DMD Digital Health Connections Group Inc. Announces Interim Order for Annual and Special Meeting of DMD Shareholders



DMD Digital Health Connections Group Inc.

August 28, 2018 / TheNewswire / MONTREAL, QC - DMD Digital Health Connections Group Inc. ("DMD") (NEX: DMG.H) and 10653365 Canada Inc. announce that they have been granted an interim order (the “Interim Order”) from the Superior Court of Québec dated August 27, 2018 in connection with the proposed arrangement (the “Arrangement”) announced on August 21, 2018.

The annual and special meeting of its shareholders (the “Meeting”) to approve the Arrangement will be held at 08:00 a.m. (Eastern Daylight Time) on September 19, 2018 at Estrimont, 44 Avenue de l’Auberge, Orford, Quebec J1X 6J3.

The Arrangement

Under the Arrangement, Common Shareholders will receive: (i) $0.25 per Common Share in cash; or (ii) Class B Common Shares of the capital of the Purchaser (the “Consideration”) for each Common Share owned by them at the effective time of the Arrangement. In addition, all outstanding options to acquire Common Shares under the Corporation’s stock option plan (the “Corporation Options”) (whether vested or unvested) shall be deemed to be unconditionally vested and exercisable and be assigned and transferred from the holder thereof to the Corporation in consideration for a cash payment equal to the amount, if any, by which the Consideration exceeds the exercise price per Common Share of such Corporation Option, subject to applicable tax withholdings and other source deductions in accordance with the Agreement or in consideration for an option to acquire a Class B common share of the capital of the Purchaser at the same price as the outstanding Corporation Option.

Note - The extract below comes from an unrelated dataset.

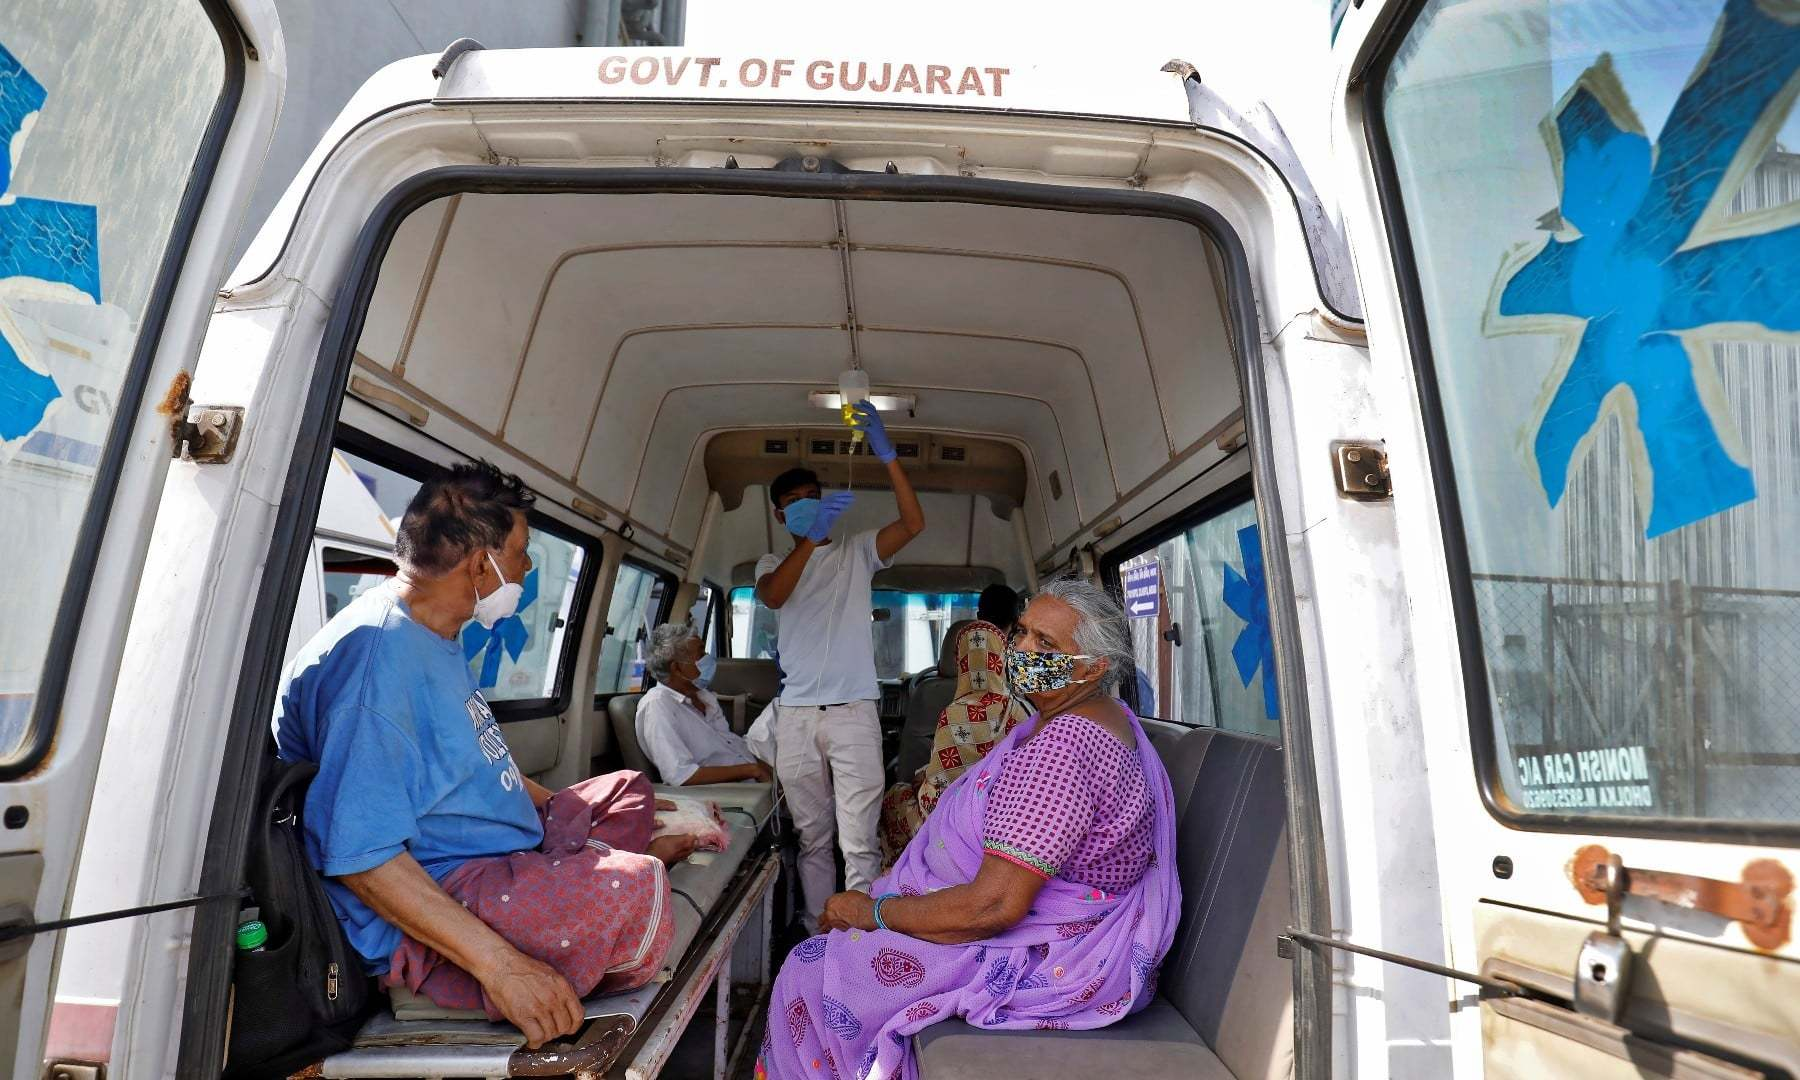 بھارت میں کورونا سے صورتحال سنگین: یومیہ کیسز کا نیا عالمی ریکارڈ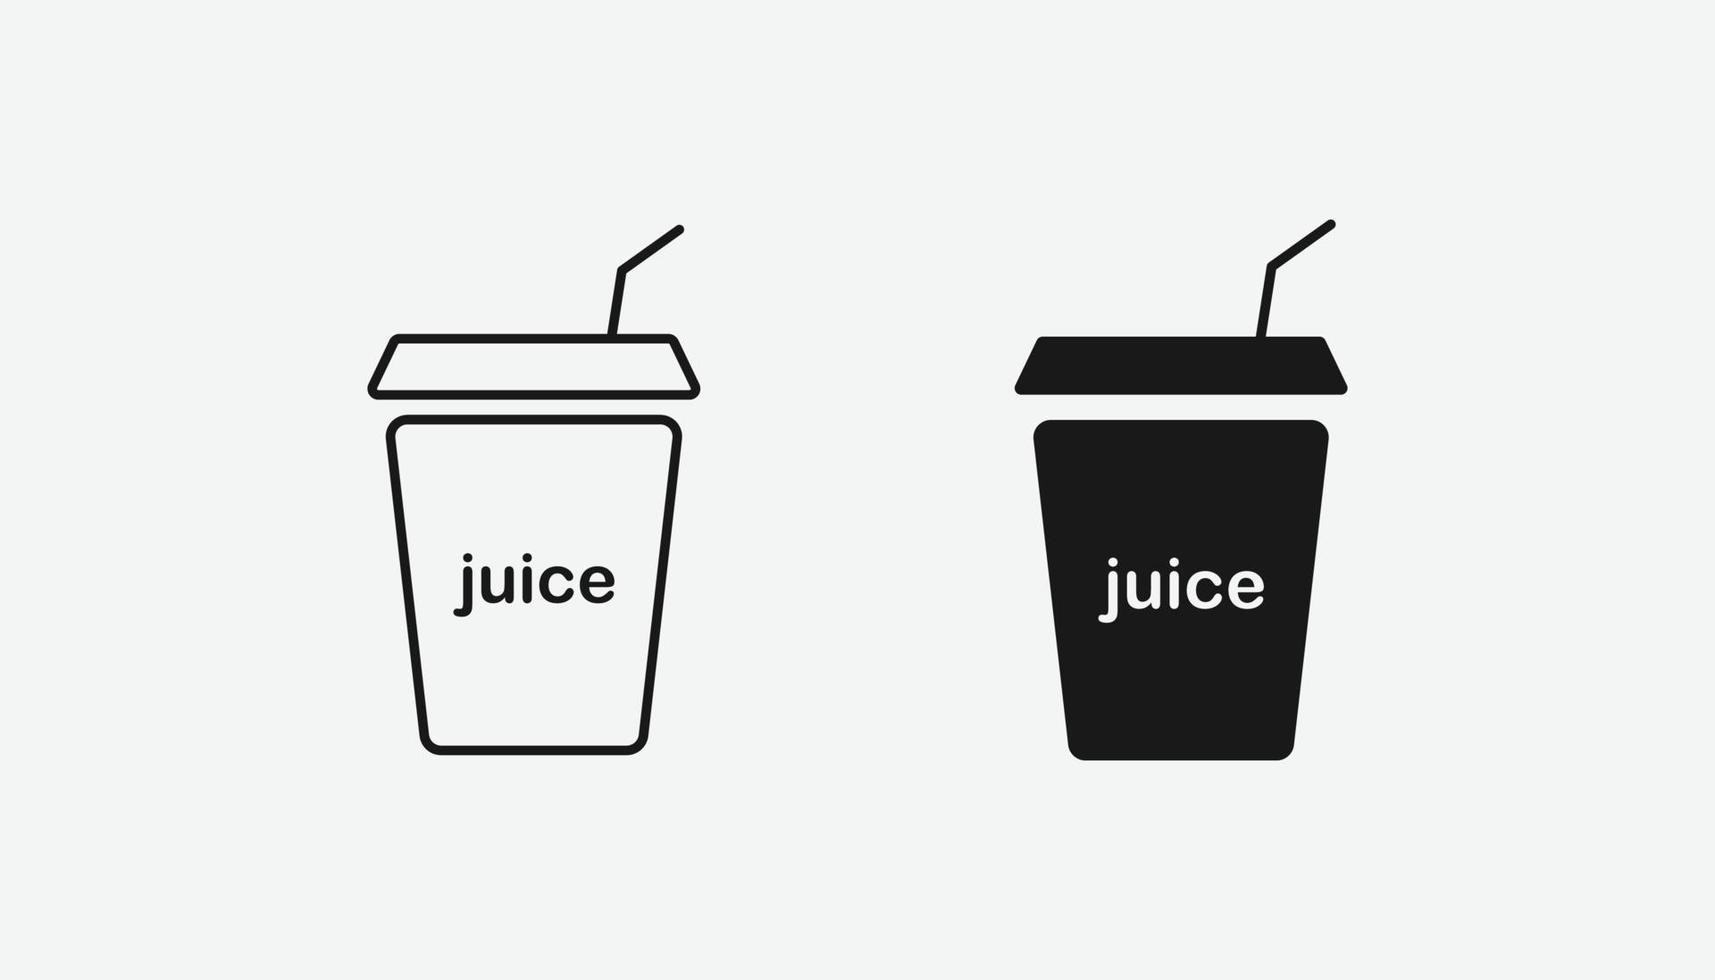 juice vektor ikon symbol för webbplats och mobil app

Reasons and Benefits of the Arrangement

  • - Premium to Shareholders;

    - Immediate Liquidity;

    - Culmination of Strategic Review;

    - Positive Fairness Opinion;

    - Support Agreements.

The Board established a special committee (the “Special Committee”) of independent directors to evaluate the strategic and financial alternatives available to DMD. Since that time, the Special Committee has been engaged in a process of reviewing and considering the proposed terms for a potential transaction, which ultimately resulted in the Agreement. The Special Committee oversaw the negotiation of the Agreement with the Purchaser, and advised the Board of their recommendation as to whether the Arrangement is fair to the Common Shareholders and is in the best interests of DMD (considering the interest of all affected stakeholders).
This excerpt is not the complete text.